> To do: Print only the lines below from the one with "A service uniform" to the one with "The Different Perspectives", both included, exactly as they stand. Leave pictures out.

### Data shown ###

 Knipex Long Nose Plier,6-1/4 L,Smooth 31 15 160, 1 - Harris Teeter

###
### Data shown ###

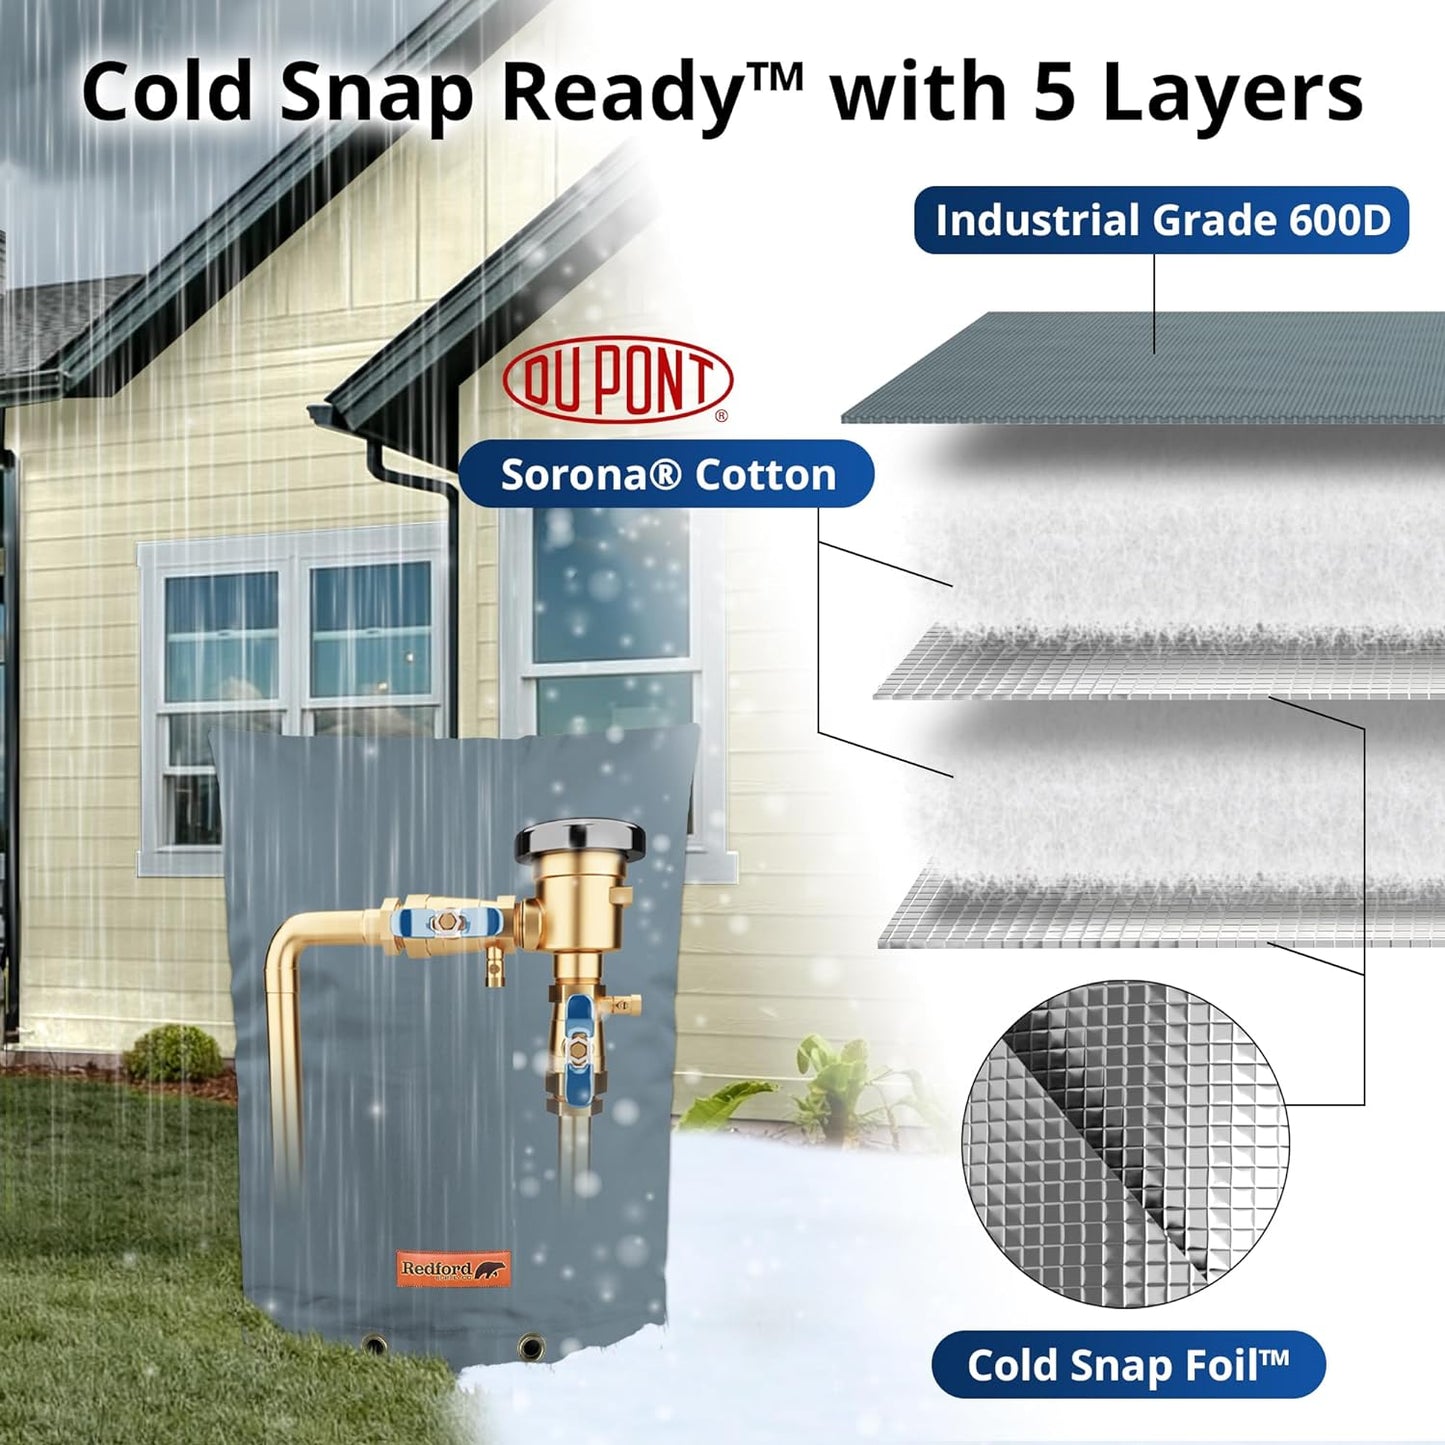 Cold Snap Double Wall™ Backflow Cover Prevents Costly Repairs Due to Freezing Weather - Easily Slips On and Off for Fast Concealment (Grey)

###
### Data shown ###

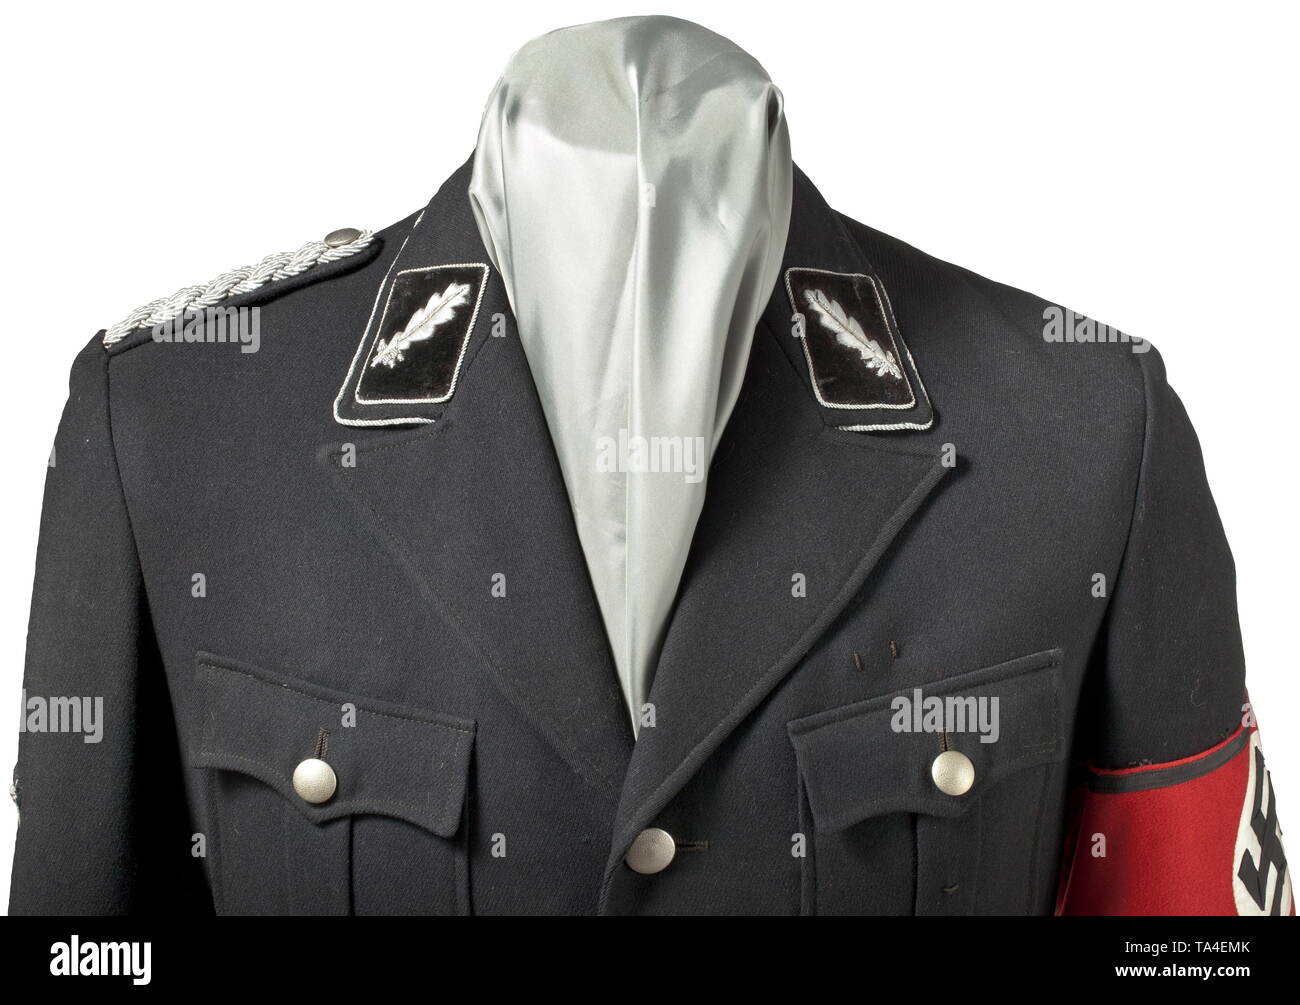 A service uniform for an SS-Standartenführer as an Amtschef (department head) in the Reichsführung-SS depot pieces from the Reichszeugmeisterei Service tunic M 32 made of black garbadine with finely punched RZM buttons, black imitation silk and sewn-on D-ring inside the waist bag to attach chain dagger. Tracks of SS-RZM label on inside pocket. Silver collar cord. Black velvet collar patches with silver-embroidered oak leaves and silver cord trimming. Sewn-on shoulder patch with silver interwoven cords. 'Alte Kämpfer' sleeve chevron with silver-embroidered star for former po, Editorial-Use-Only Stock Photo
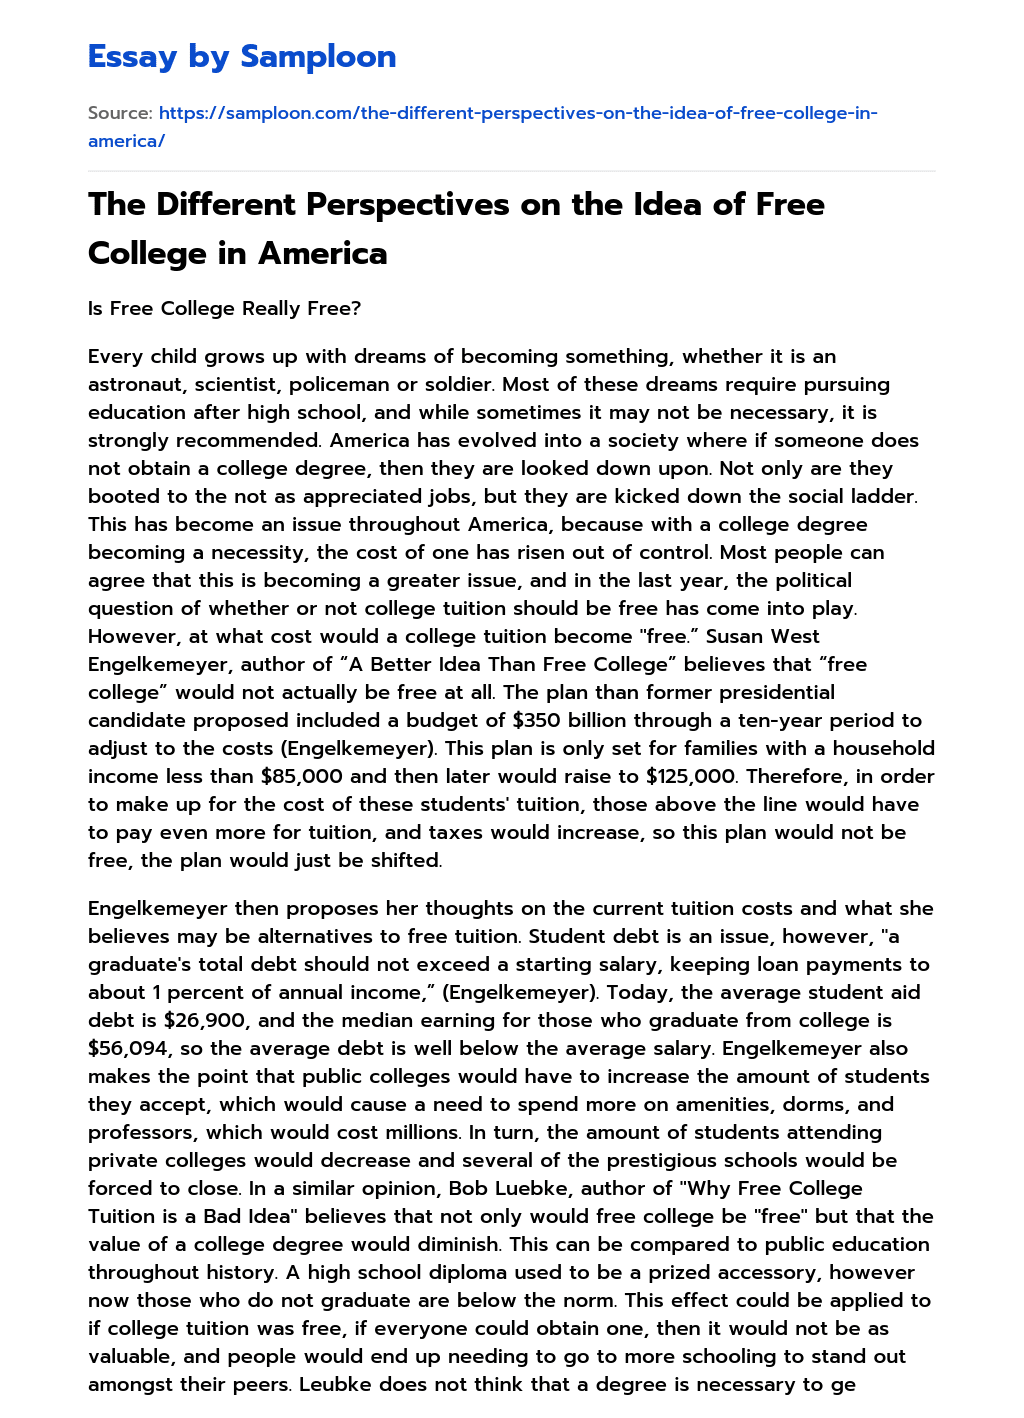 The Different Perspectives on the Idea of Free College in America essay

###

> Exercise answer:
 A service uniform for an SS-Standartenführer as an Amtschef (department head) in the Reichsführung-SS depot pieces from the Reichszeugmeisterei Service tunic M 32 made of black garbadine with finely punched RZM buttons, black imitation silk and sewn-on D-ring inside the waist bag to attach chain dagger. Tracks of SS-RZM label on inside pocket. Silver collar cord. Black velvet collar patches with silver-embroidered oak leaves and silver cord trimming. Sewn-on shoulder patch with silver interwoven cords. 'Alte Kämpfer' sleeve chevron with silver-embroidered star for former po, Editorial-Use-Only Stock Photo
 The Different Perspectives on the Idea of Free College in America essay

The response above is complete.